\begin{equation} \mathcal{W}_\epsilon(\alpha, \beta) = \min_{\pi\in \Pi(\alpha\beta)} \int c(x,y) \mathrm{d}\pi(x,y) + \epsilon H(\pi \| \alpha \otimes \beta) \end{equation} Cuturi (2013) introduced the entropy-regularized Wasserstein distance, or Sinkhorn distance, shown above, where $\epsilon $ is the regularization parameter and $H(\pi \| \alpha \otimes \beta)$ is the relative entropy, or KL-divergence, between the transport plan and the marginal probabilities.
But I have seen the $H(\cdot)$ term shown in two different ways, one with entropy and the other with relative entropy:
\begin{align} H(\pi) &= \int \pi(x,y) \ln \pi(x,y) \\ H(\pi \| \alpha \otimes \beta) &= \int \ln \left(\frac{\mathrm{d}\pi (x,y)}{\mathrm{d}\alpha(x) \mathrm{d}\beta(y) } \right) \mathrm{d}\pi (x,y) \end{align}
How are the last two lines equal or connected to each other?
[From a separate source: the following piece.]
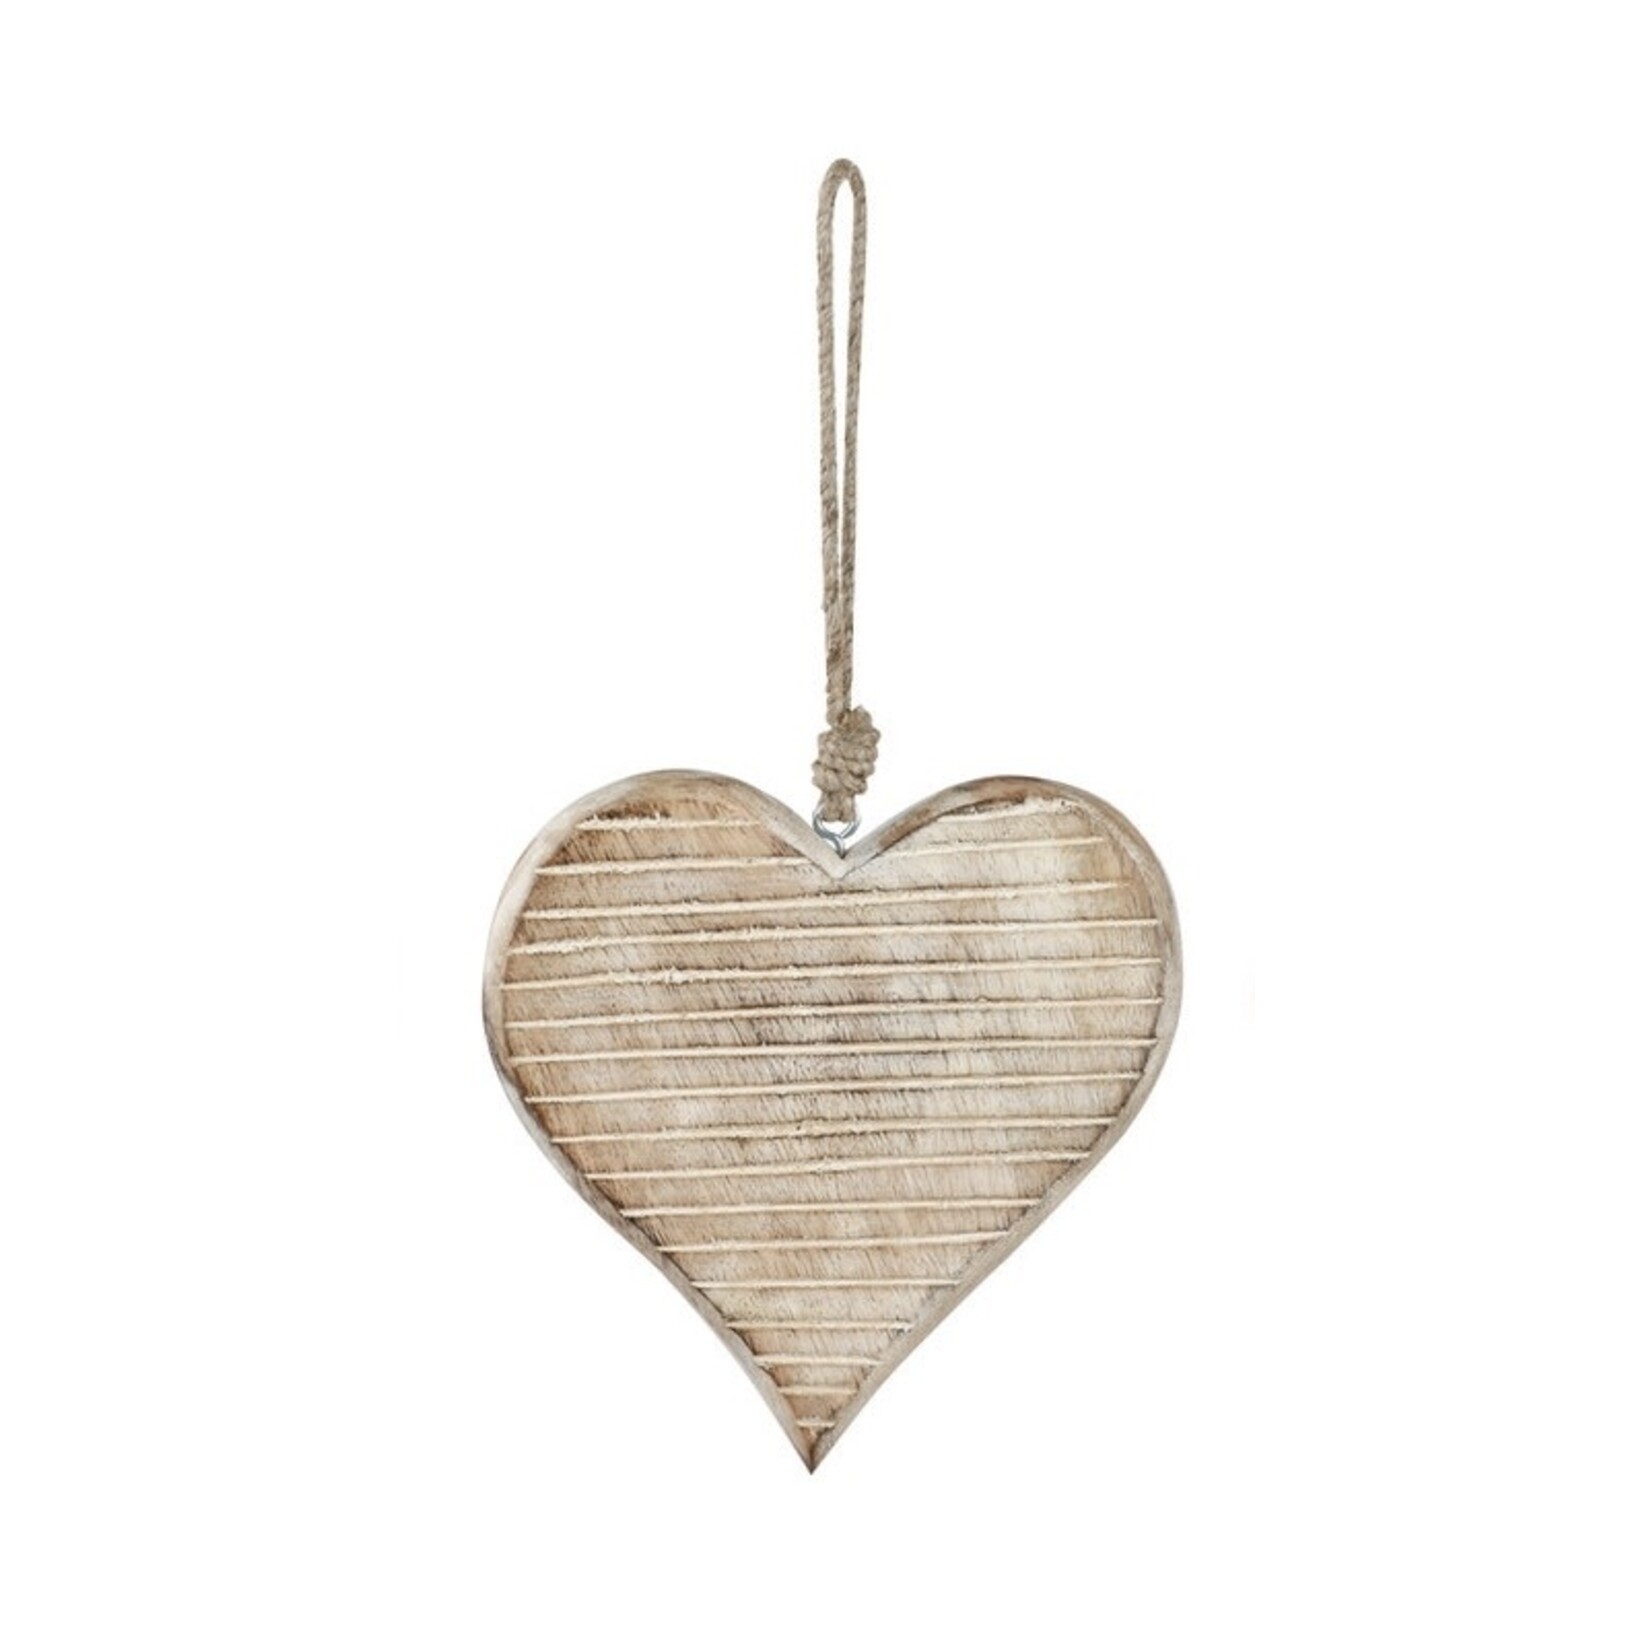 Demdaco Demdaco White Washed Wood Heart Ornament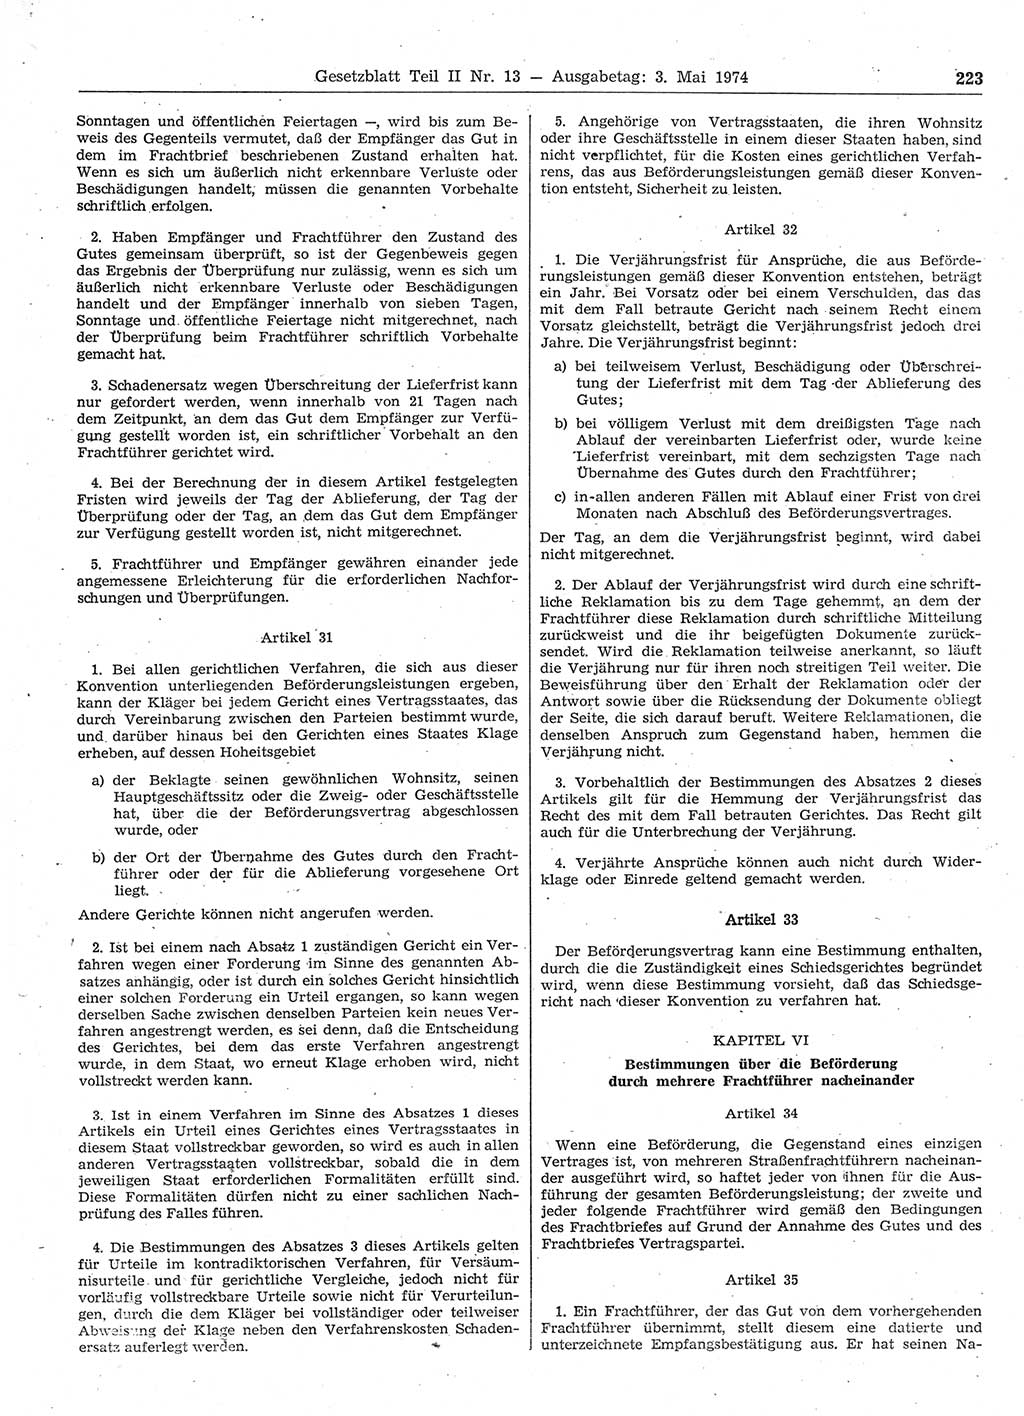 Gesetzblatt (GBl.) der Deutschen Demokratischen Republik (DDR) Teil ⅠⅠ 1974, Seite 223 (GBl. DDR ⅠⅠ 1974, S. 223)

Obviously they're not the same, so why are there two different versions running around?
These two are actually equivalent up to a constant when $\pi$ is a coupling of $\alpha$ and $\beta$. I'll assume that $\pi,\alpha, \beta$ all have densities. We can then write:
$$ H(\pi||\alpha\otimes \beta) = \int\ln\left(\frac{d\pi}{d\alpha d\beta} \right)d\pi = \int \pi(x,y) \ln\left(\frac{\pi(x,y)}{\alpha(x)\beta(y)} \right) dx dy $$
Note that $\pi(x,y)$ is the density with respect to the Lebesgue measure, and the same can be said for $\alpha(x)$ and $\beta(y)$. Therefore:
$$ H(\pi||\alpha\otimes \beta) = \int\pi(x,y)\ln \pi(x,y) dx dy - \int\pi(x,y)\ln(\alpha(x))dxdy - \int\pi(x,y)\ln(\beta(y))dxdy =\\ = \int \pi(x,y) \ln\pi(x,y) dx dy - \int\alpha(x)\ln\alpha(x) dx -\int \beta(y) \ln \beta(y) dy = H(\pi) - H(\alpha) - H(\beta) $$
Since $\alpha$ and $\beta$ are fixed, we get $H(\pi) + C$, where $C$ is a constant.